- **Provided records**
BEGIN

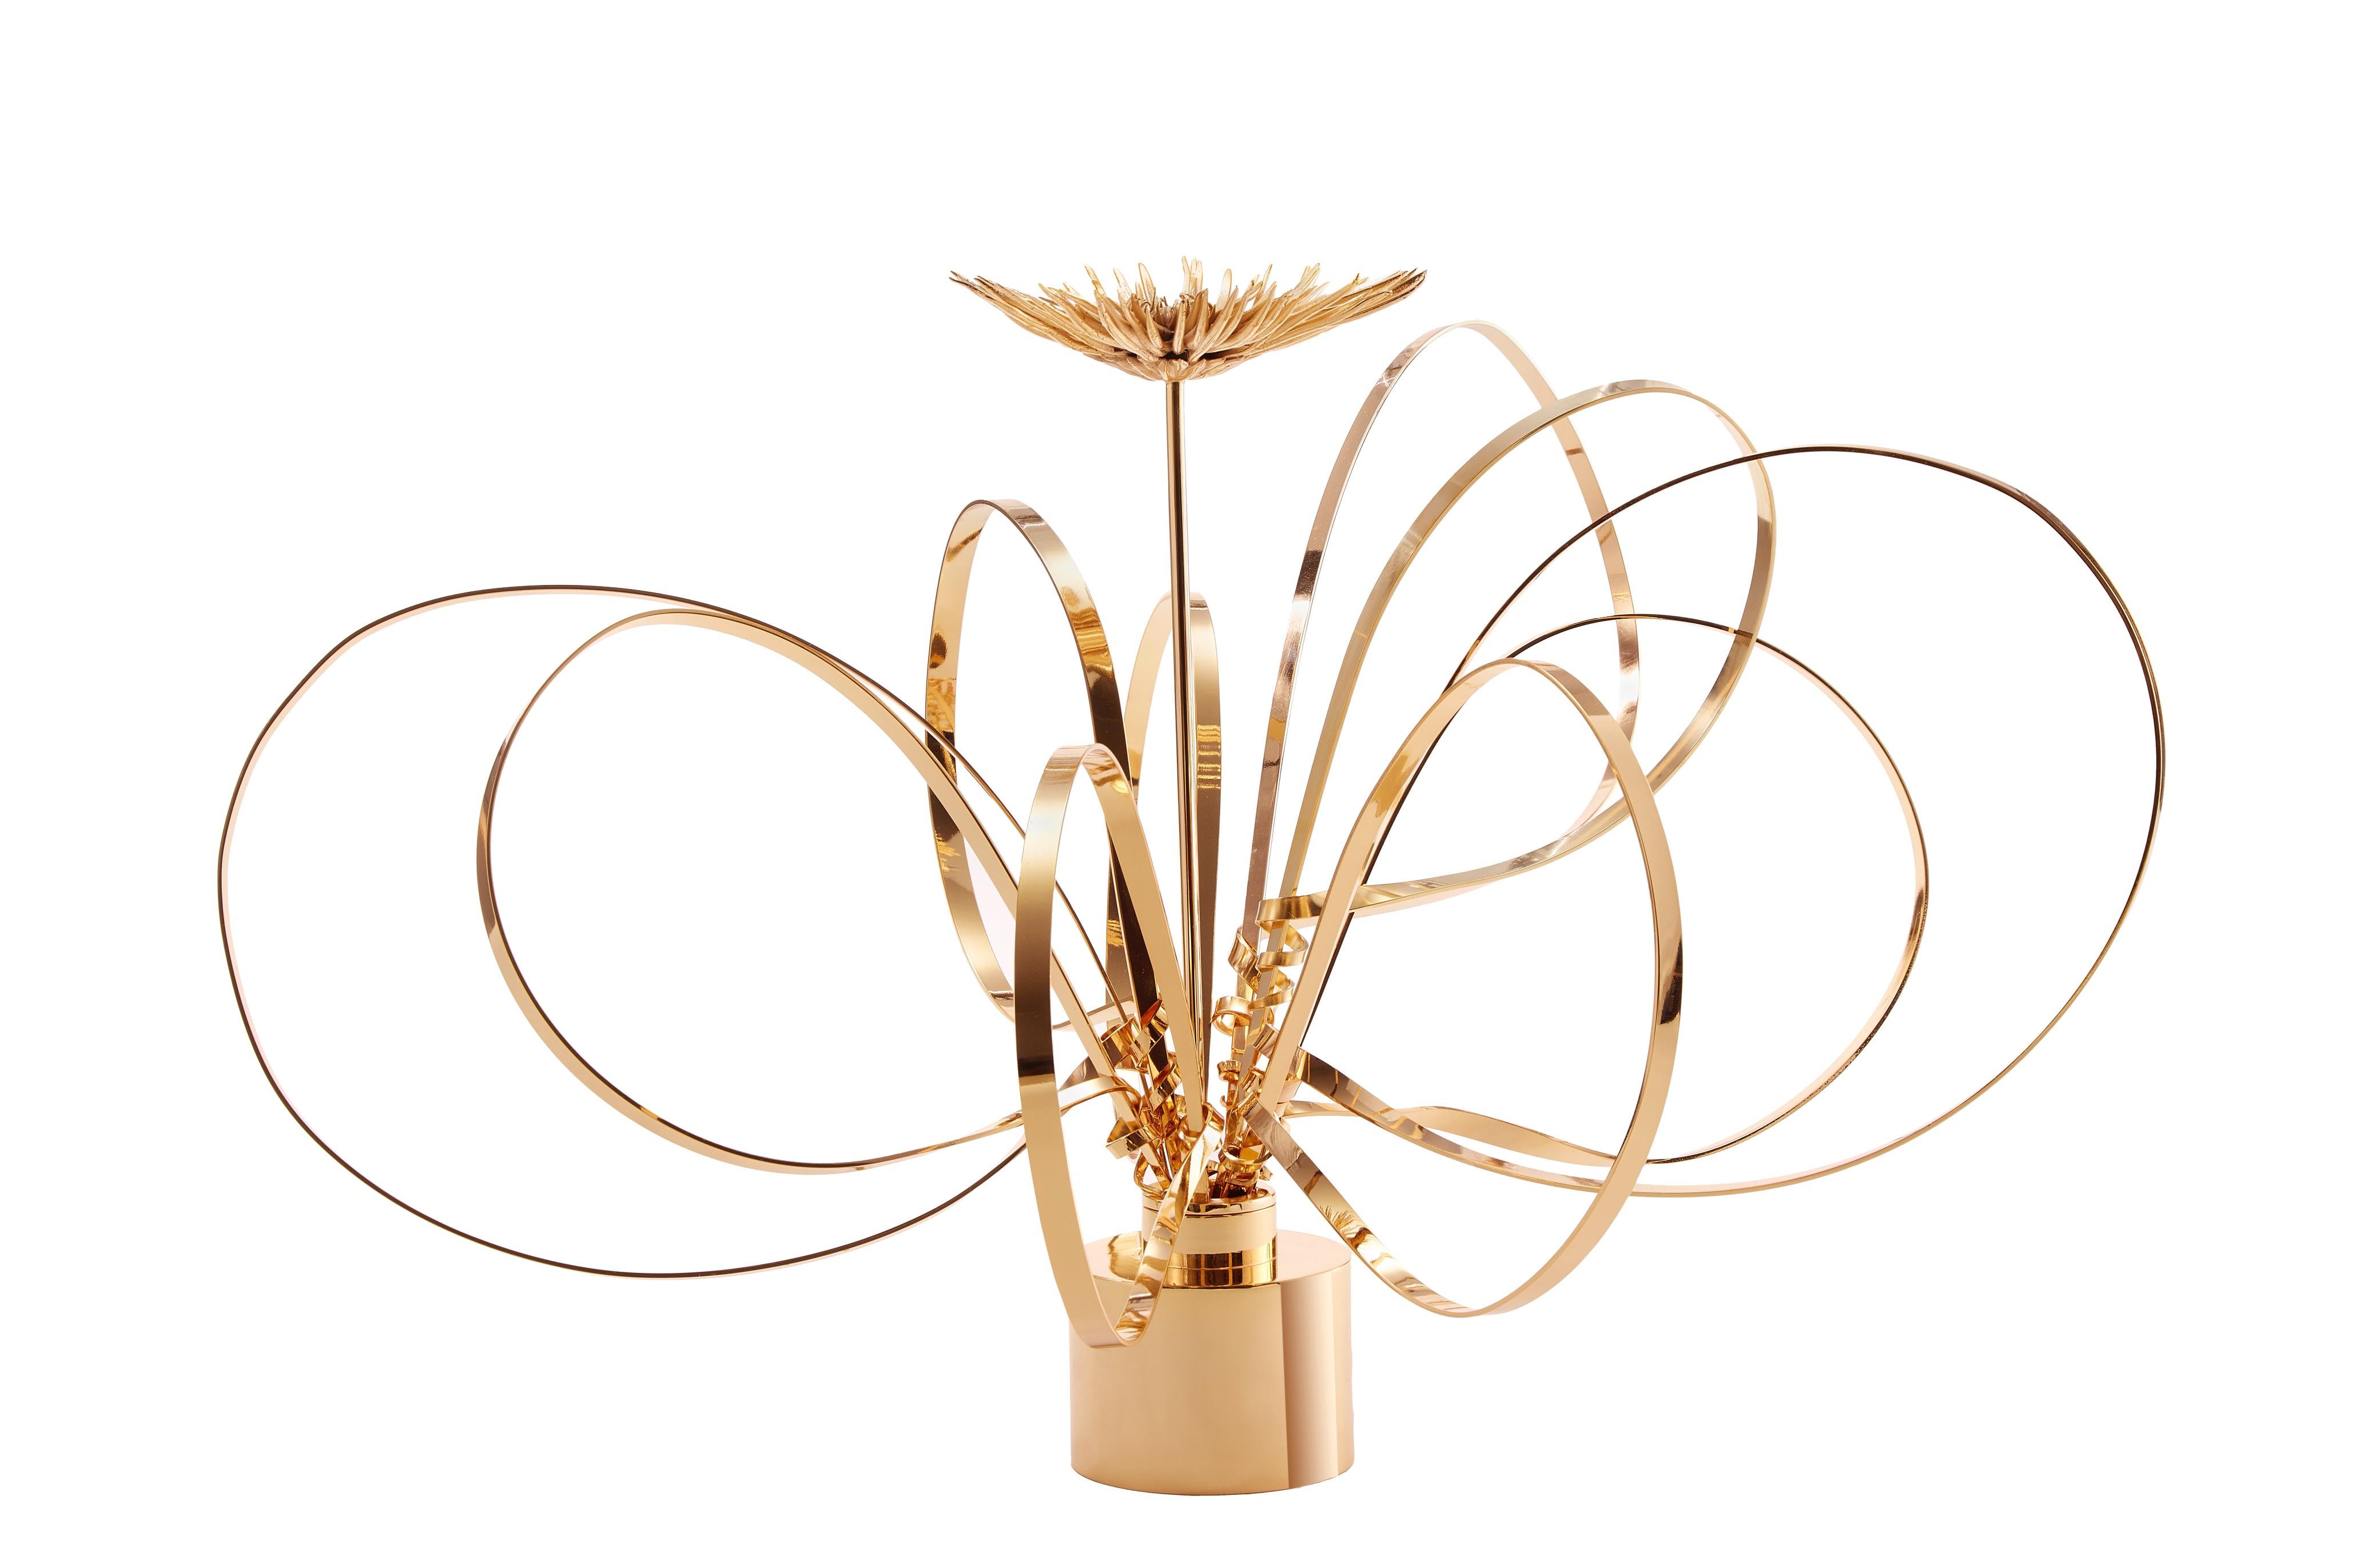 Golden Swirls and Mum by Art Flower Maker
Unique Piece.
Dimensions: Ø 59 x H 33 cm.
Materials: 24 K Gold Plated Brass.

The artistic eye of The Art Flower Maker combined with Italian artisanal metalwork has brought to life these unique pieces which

END
BEGIN

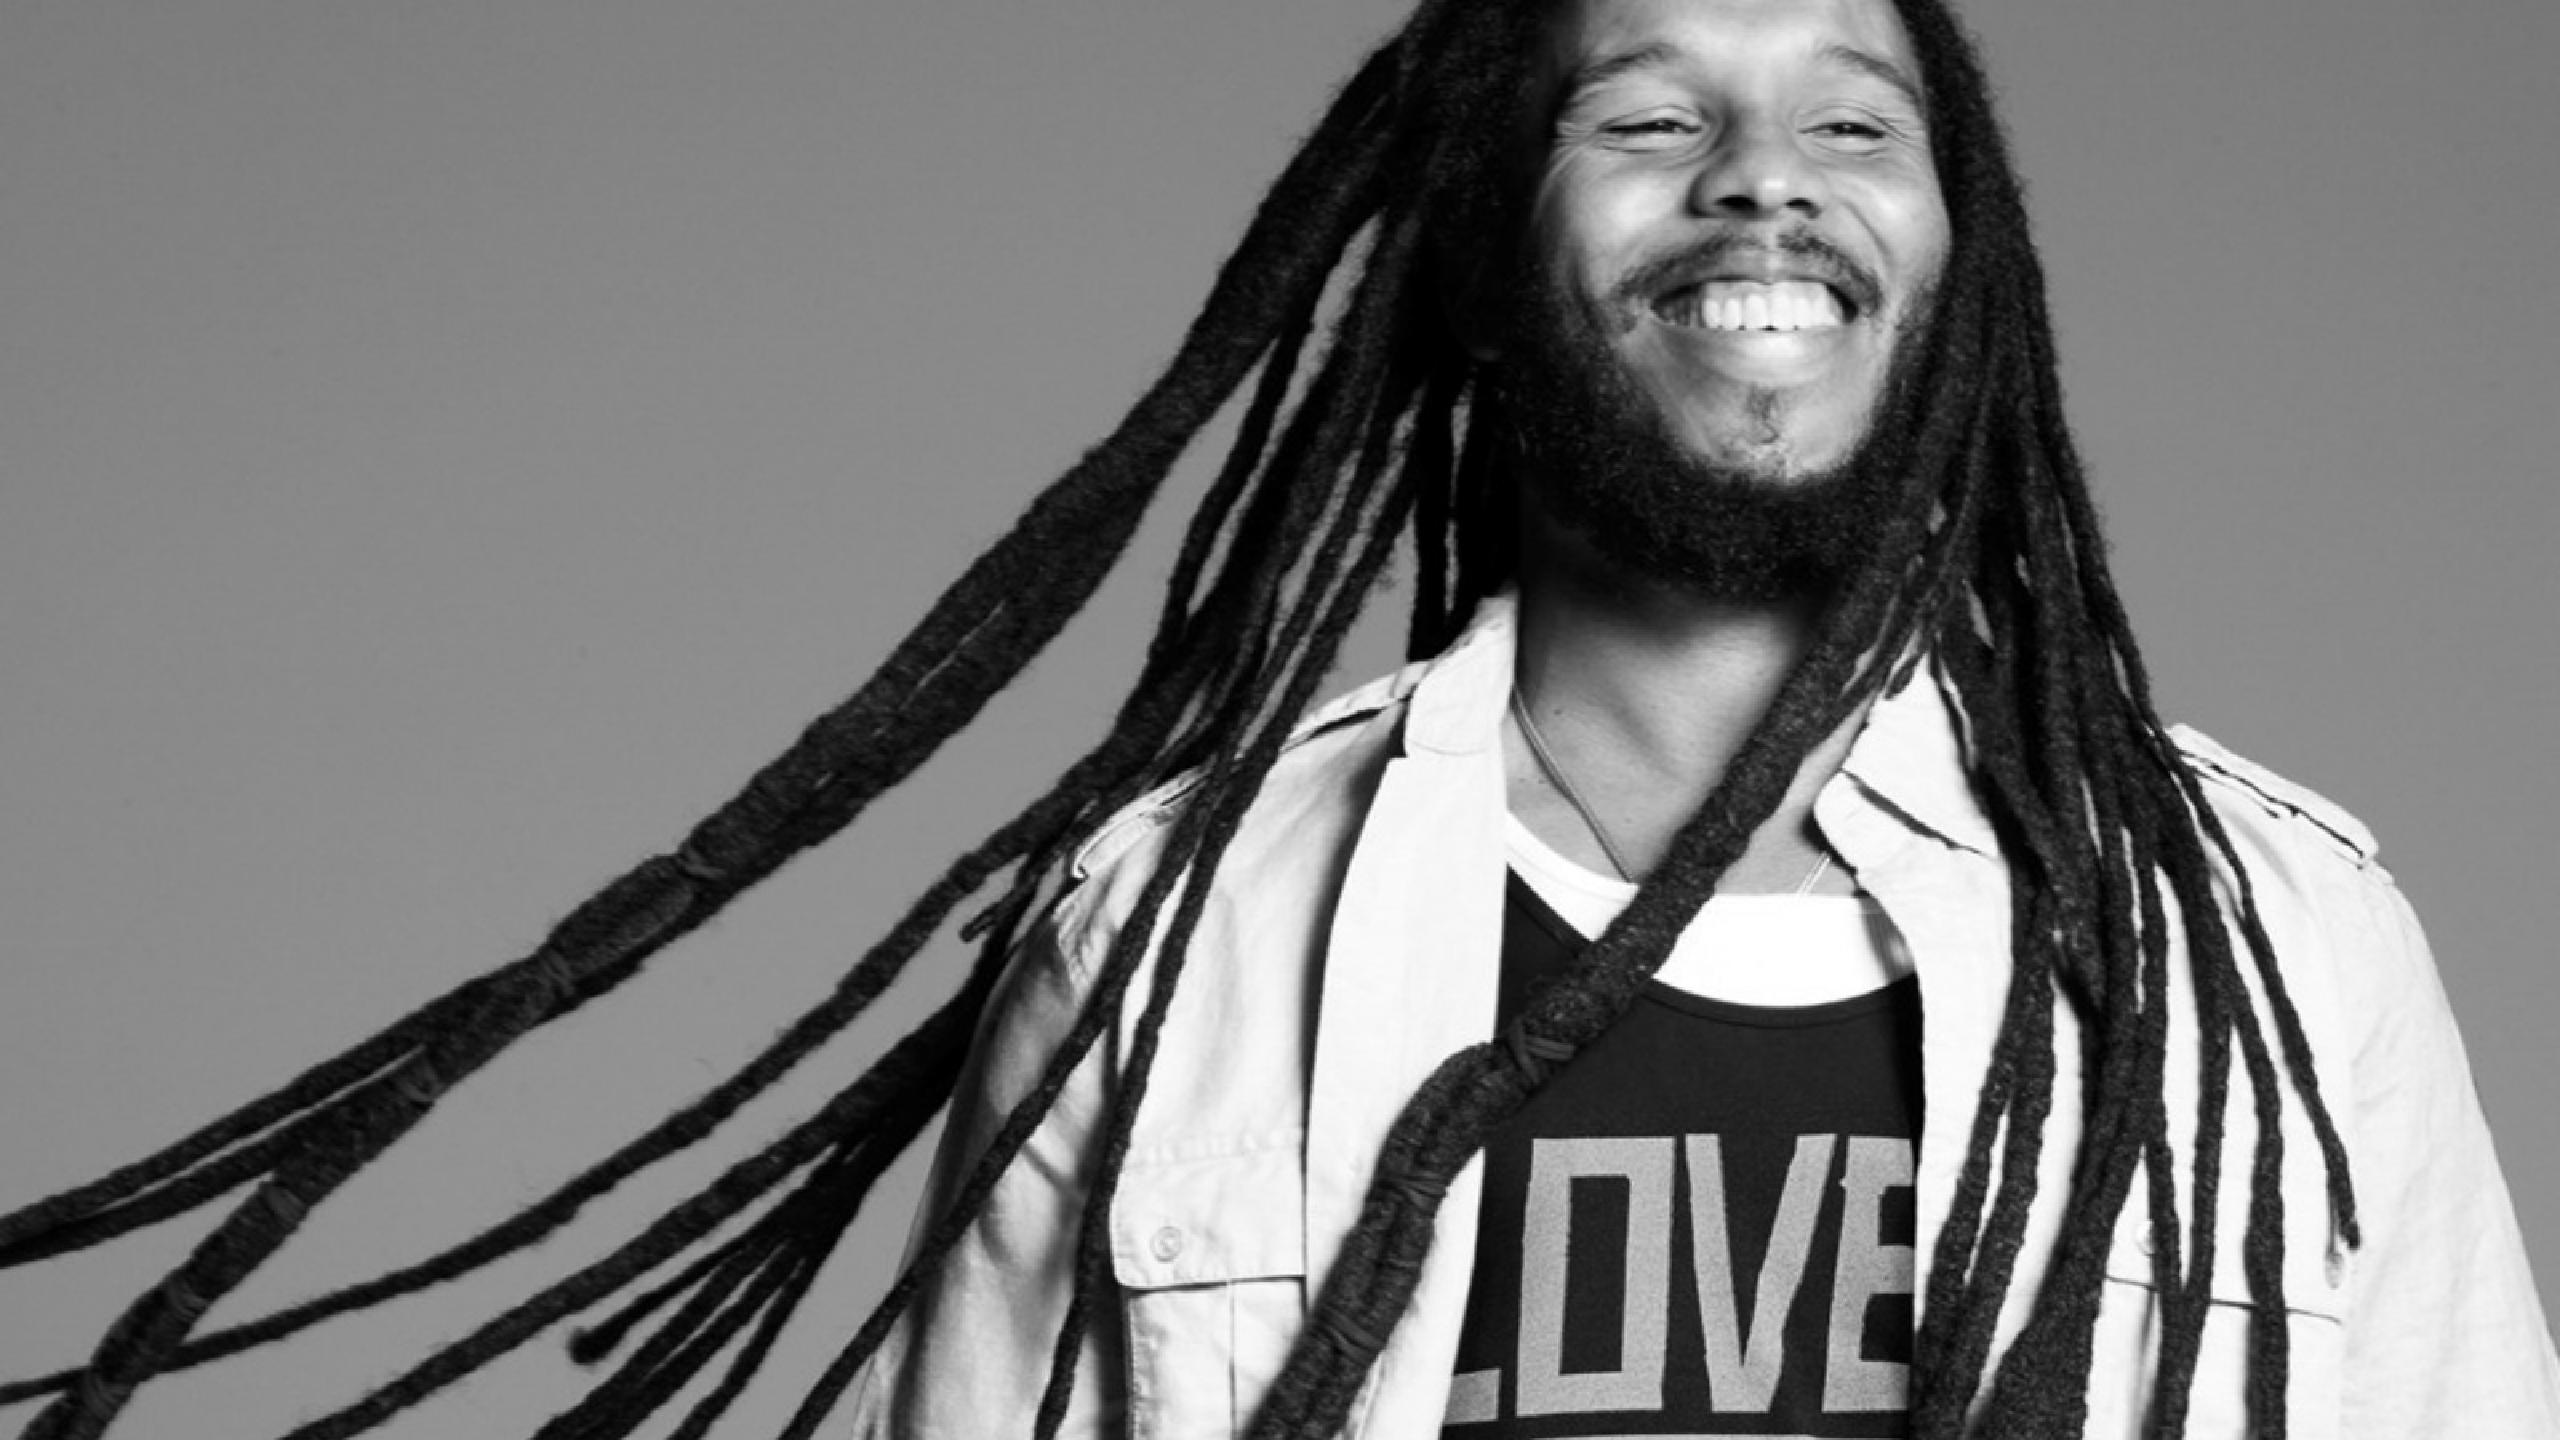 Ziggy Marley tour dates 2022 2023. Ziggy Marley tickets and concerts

END
BEGIN

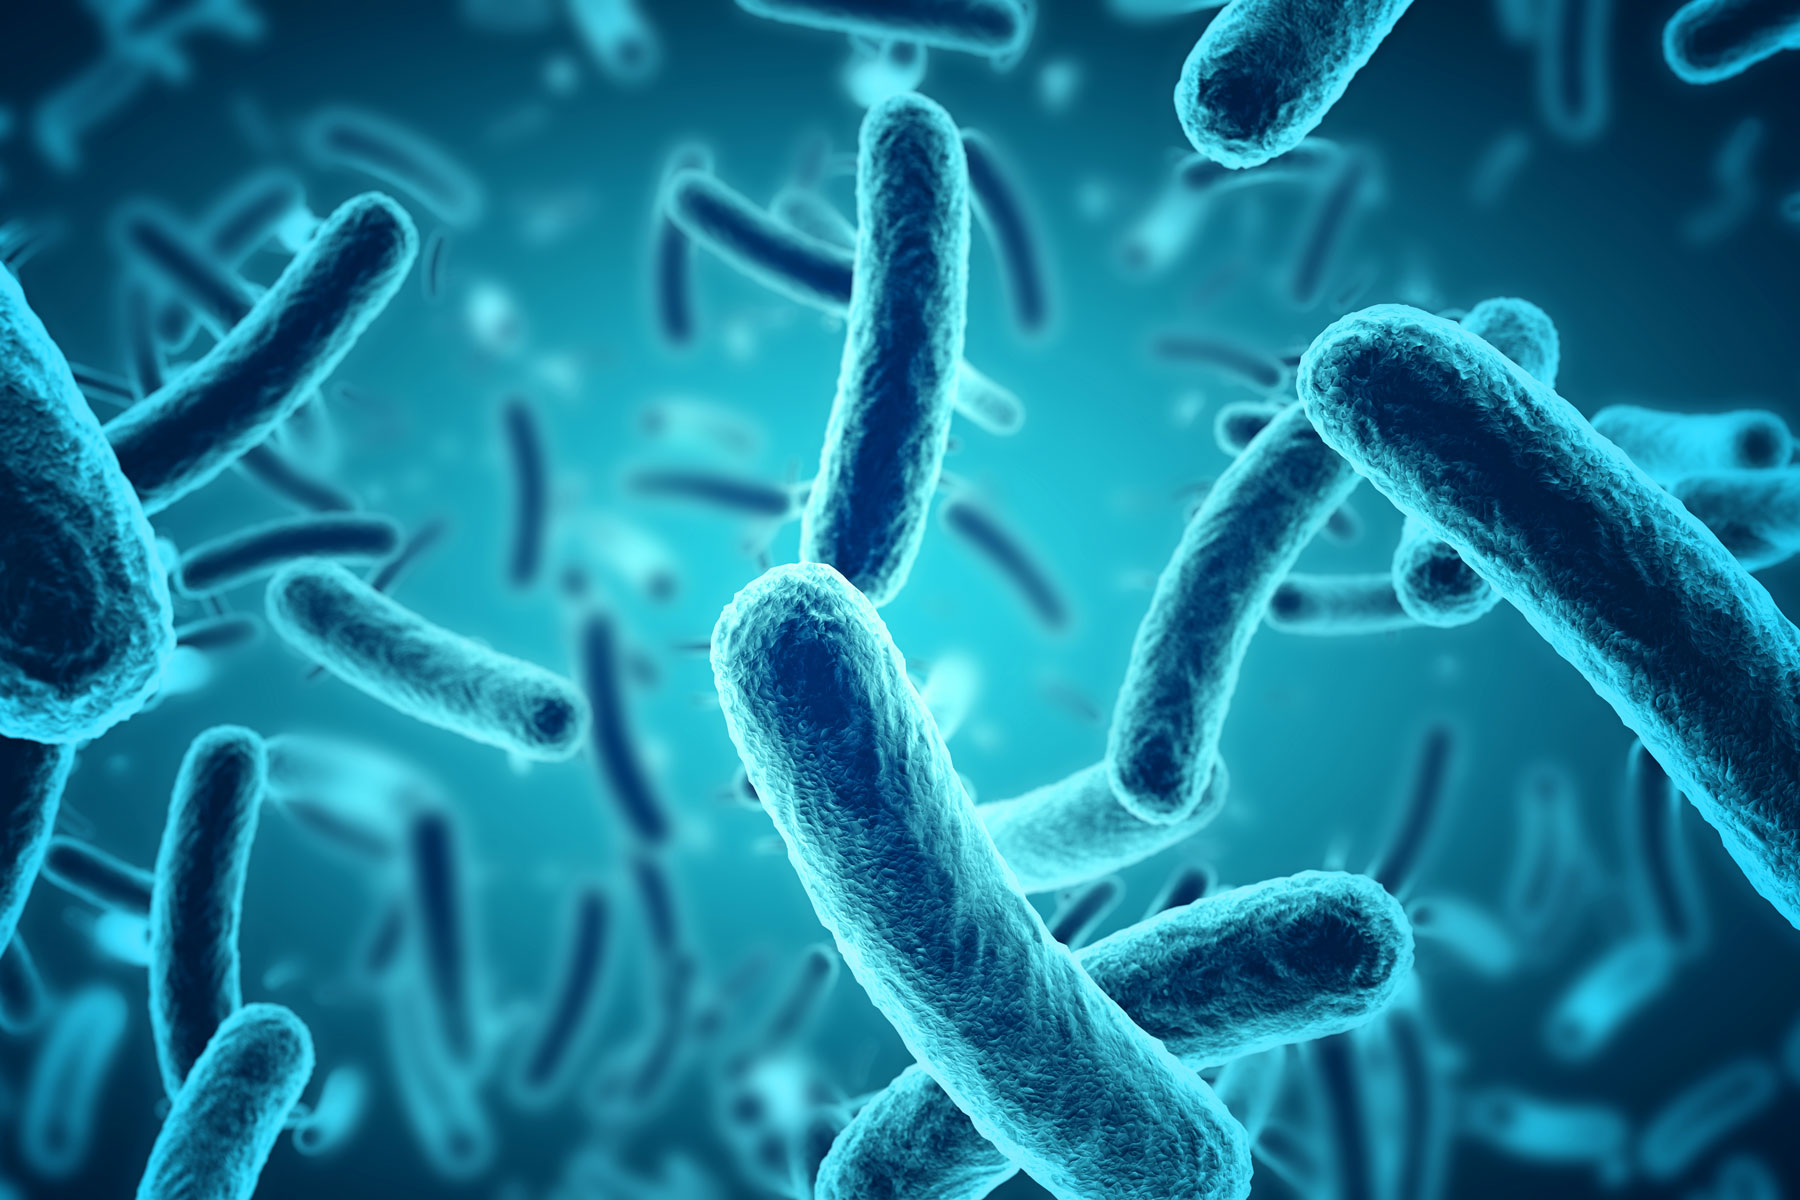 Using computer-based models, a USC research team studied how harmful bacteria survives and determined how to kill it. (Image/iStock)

END

- **Task**
Beginning with the line containing "Materials: 24 K Gold Plated Brass." and ending with the line containing "The artistic eye", extract those lines exactly from the listing above, and only those.

- **Task response**
Materials: 24 K Gold Plated Brass.

The artistic eye of The Art Flower Maker combined with Italian artisanal metalwork has brought to life these unique pieces which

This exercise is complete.